エピローグ第3章 「ノスタルジア?駄菓子バー紀行」
「お邪魔します。4人で予約致しました、和歌浦です。」
年季の入ったガラス扉を引いたマリナちゃんの声と唱和するかのように、ガラス扉の上方に付けられたドアベルが、カランコロンと軽やかに音を立てる。
昔ながらのプレーンな喫茶店って、大体こんな感じだよね。
懐古趣味を狙ったのか、それとも、意図せずにこうなったのかまでは分からないけど、レトロな世界観を売りにした店構えにはマッチしていると思うよ。
店の内装は、入店前に予想していた通りだったね。
店の内壁には、ホーローの看板は勿論だけど、私達の親世代が子供の頃に上映されていた映画のポスターが沢山飾られていたの。

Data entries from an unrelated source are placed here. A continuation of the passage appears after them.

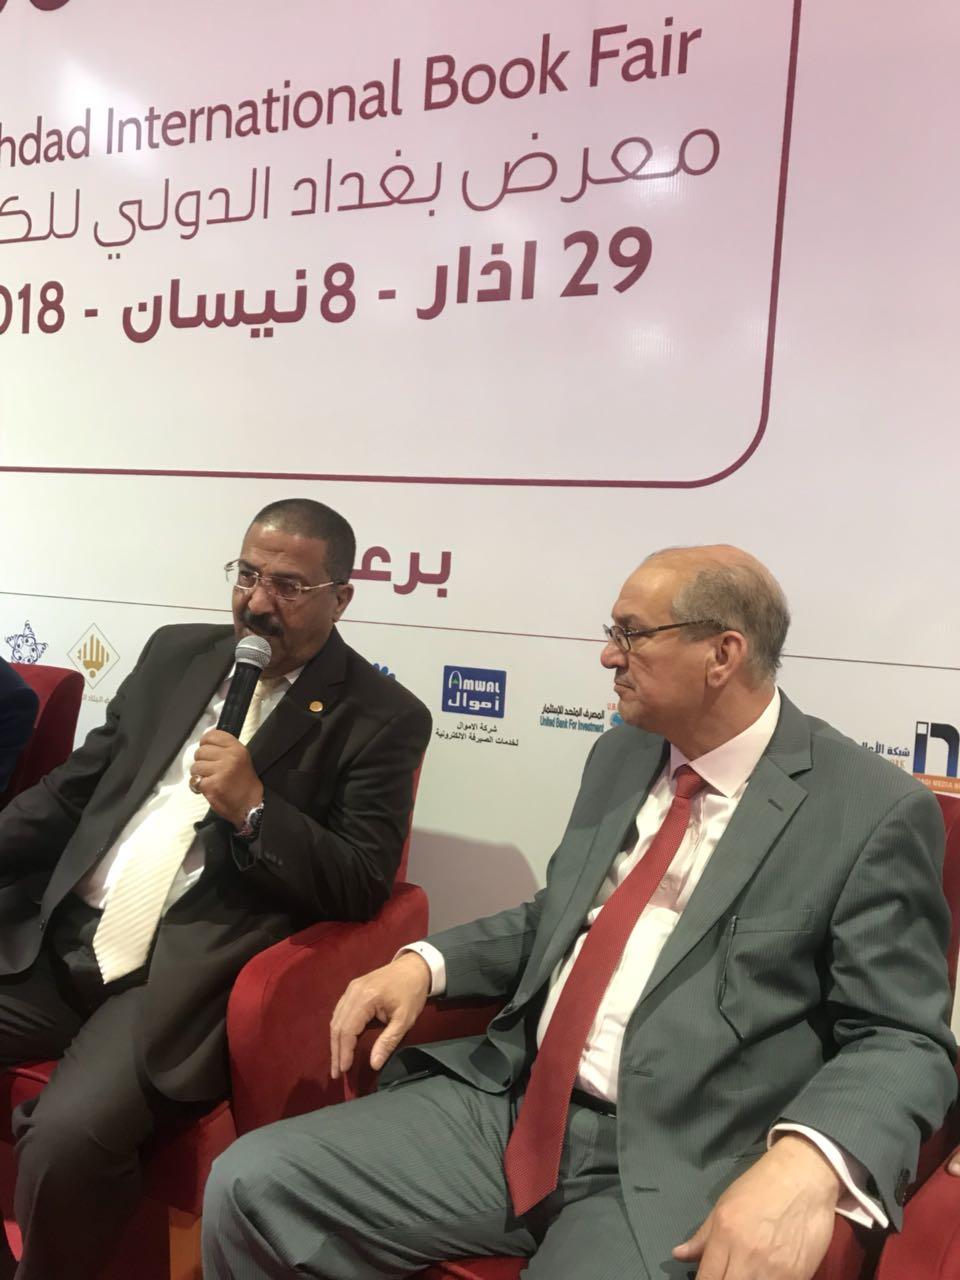 الناشرين المصريين يكرم مدير معرض بغداد (2)
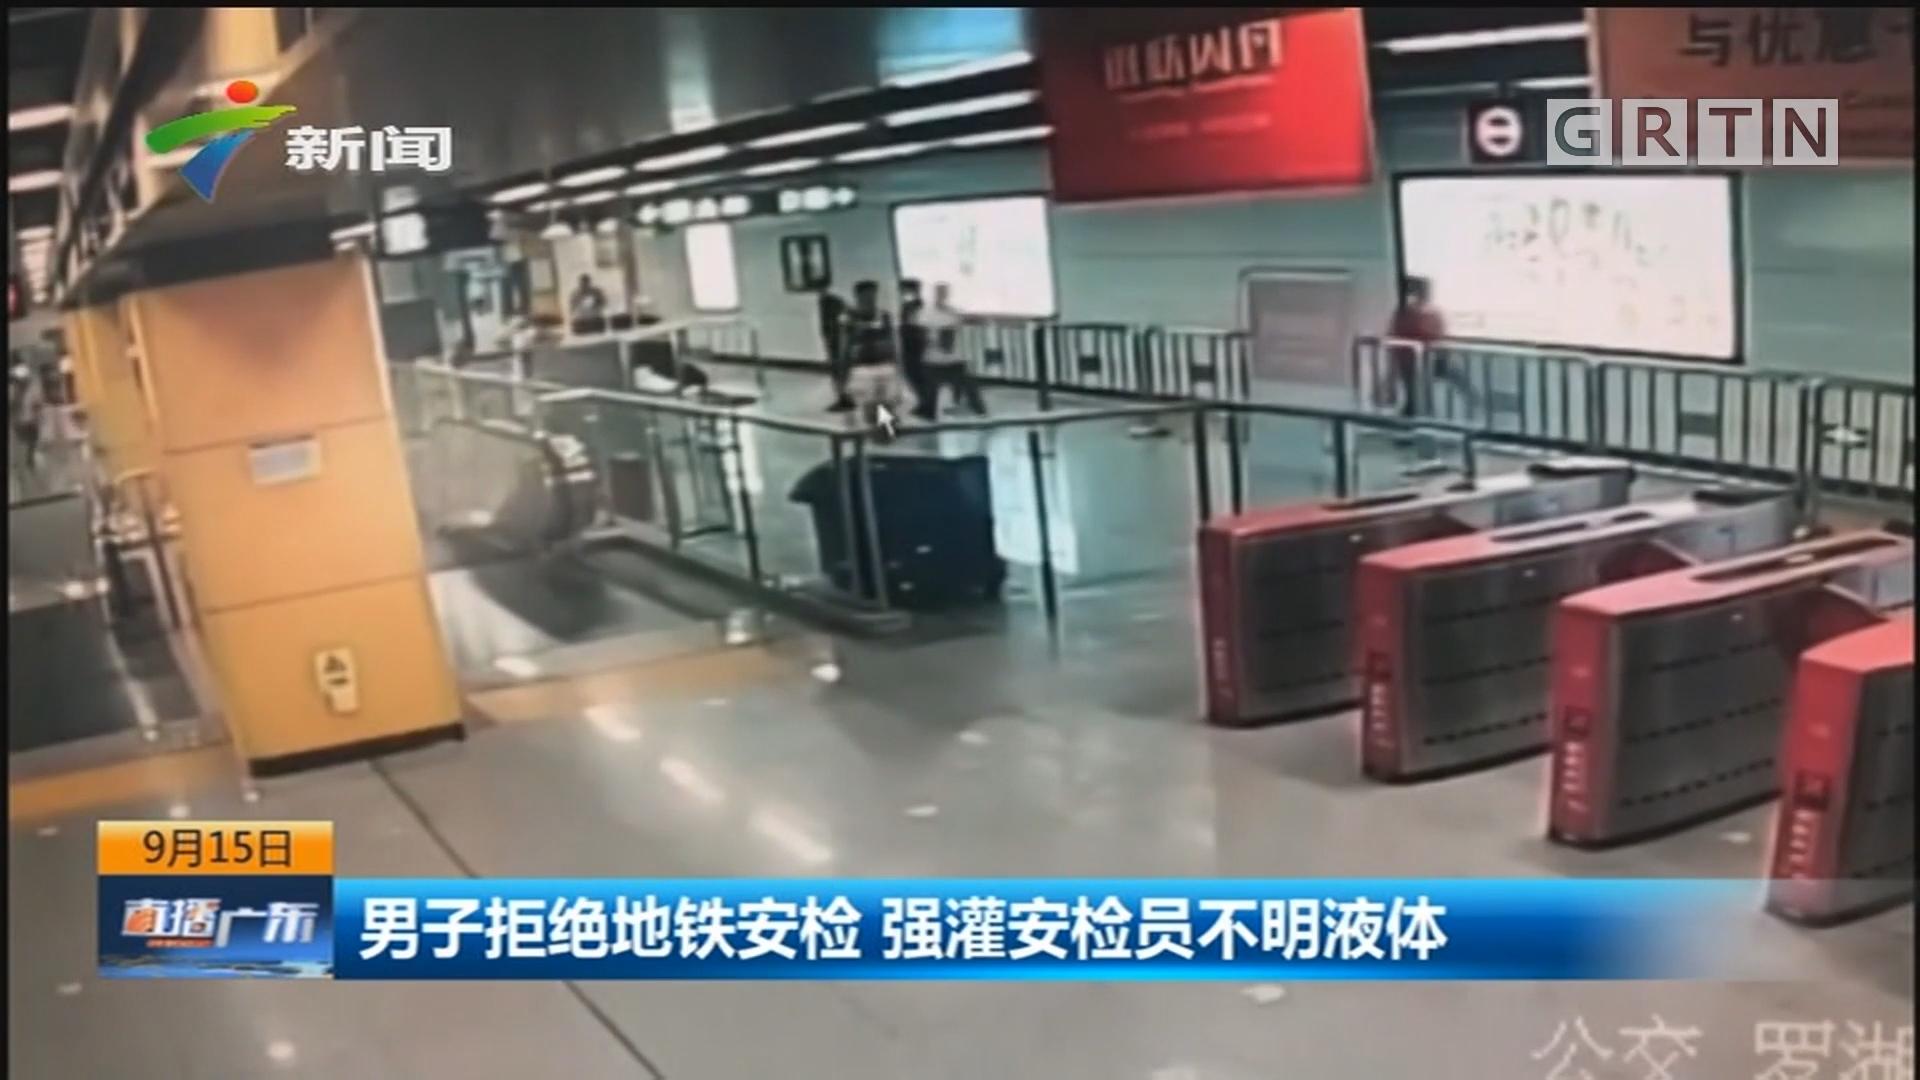 男子拒绝地铁安检 强灌安检员不明液体
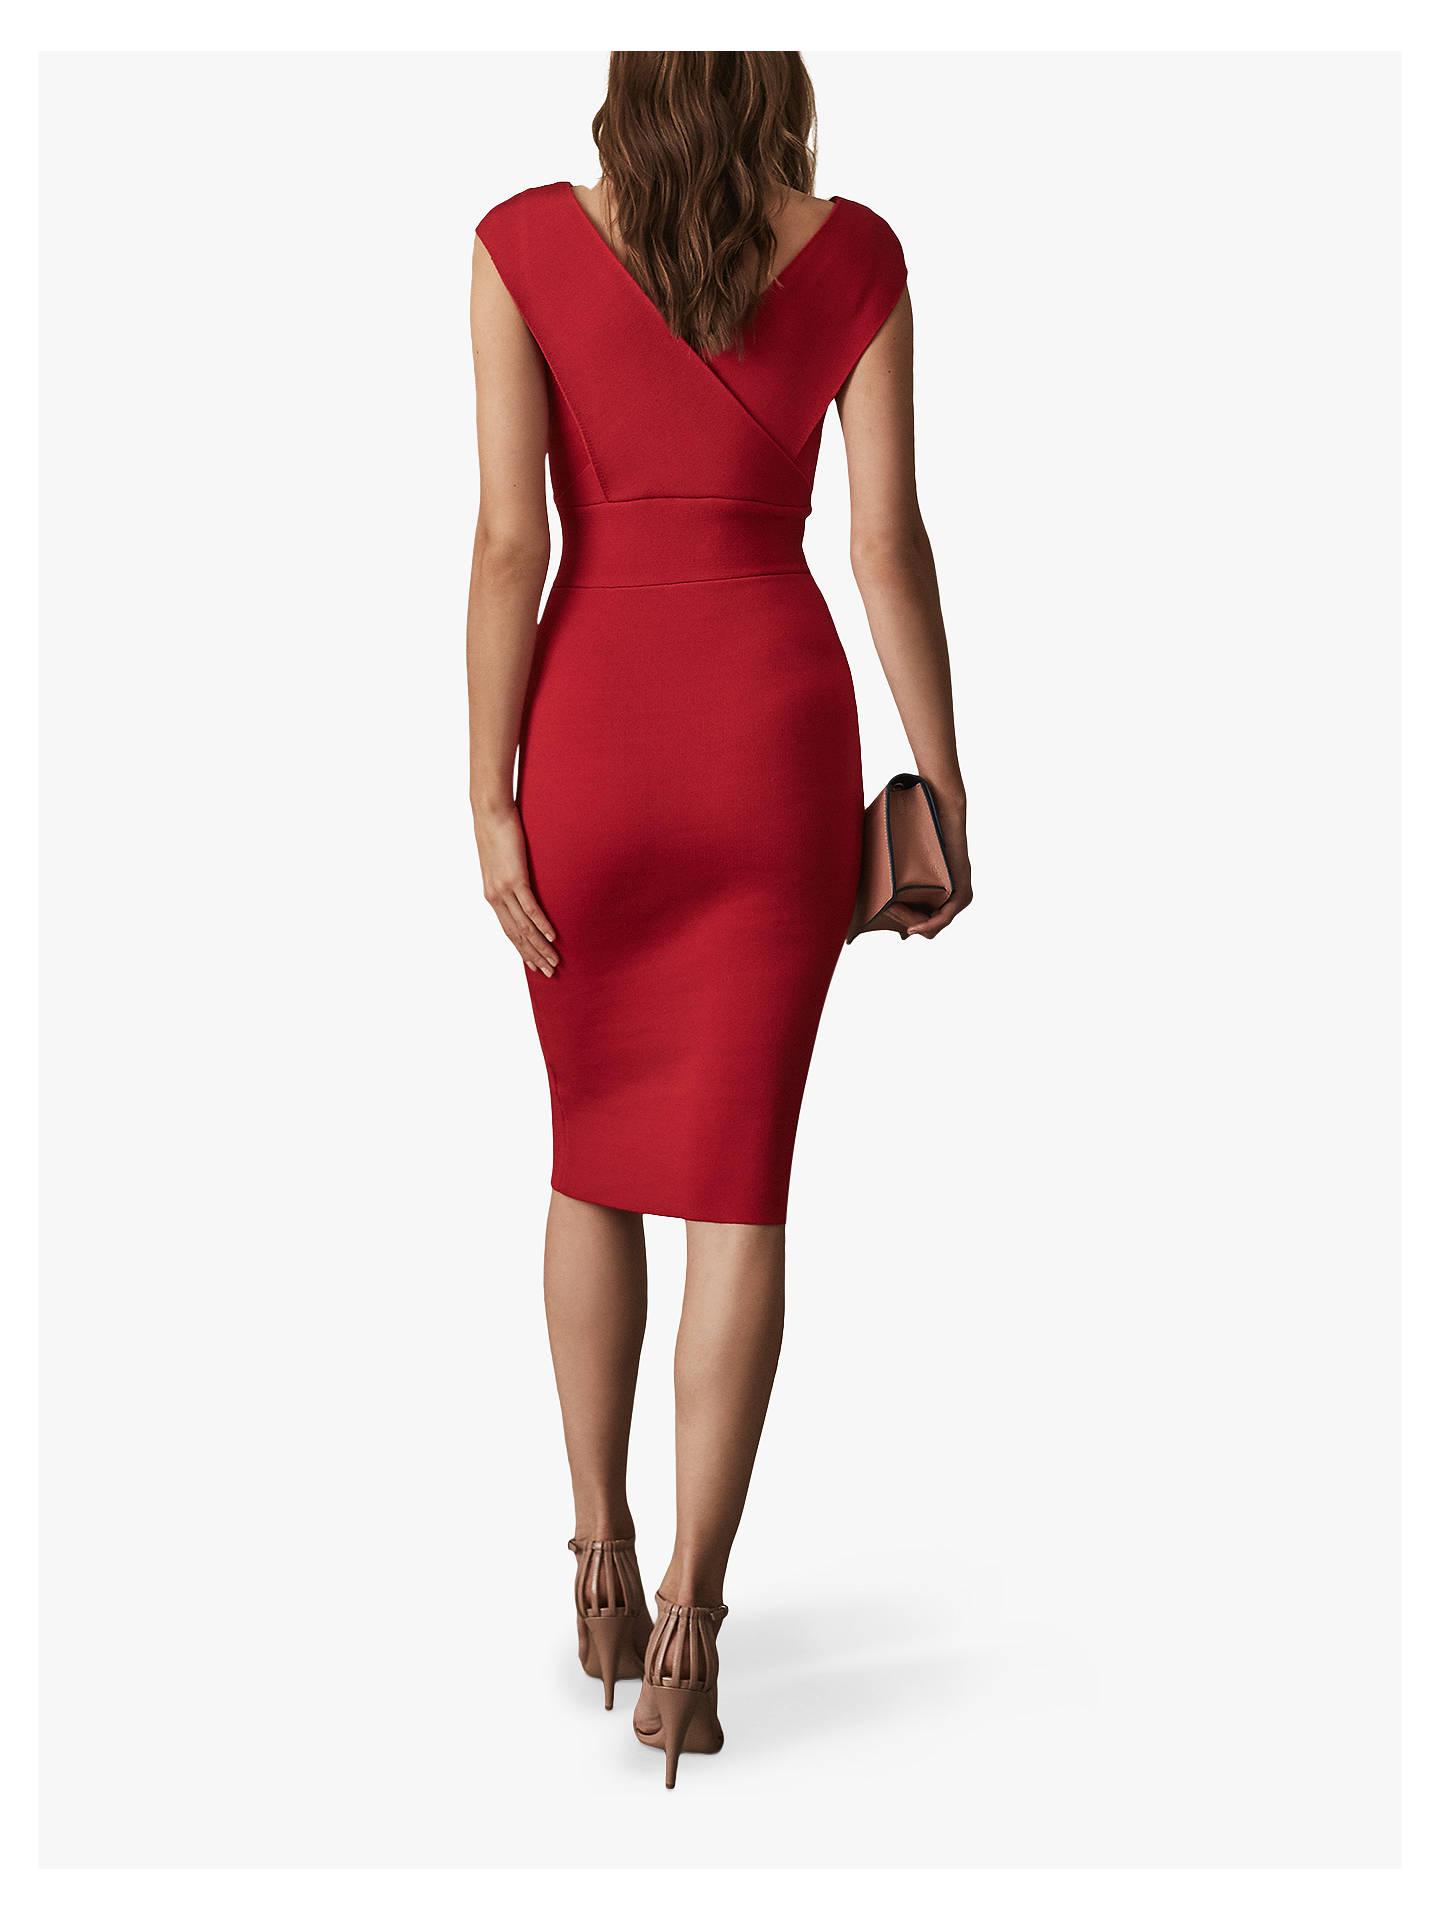 af3ead1370 ... Buy Reiss Salvia Cap Sleeve Dress

さっきなんか、「春の東活チビッ子祭り」のポスターのセンターでポーズを決めている、初代アルティメマンと思いっきり目が合っちゃったよ。
この劇場版アルティメマンは、サブタイトルこそ「侵略怪獣殲滅作戦」って具合に新作ぶっているけれども、その実態はテレビシリーズのブローアップ版なんだよね。
まあ、この辺りの事情は、私なんかよりも、熱狂的なアルティメマン信者である京花ちゃんの方が、よっぽど詳しいけど。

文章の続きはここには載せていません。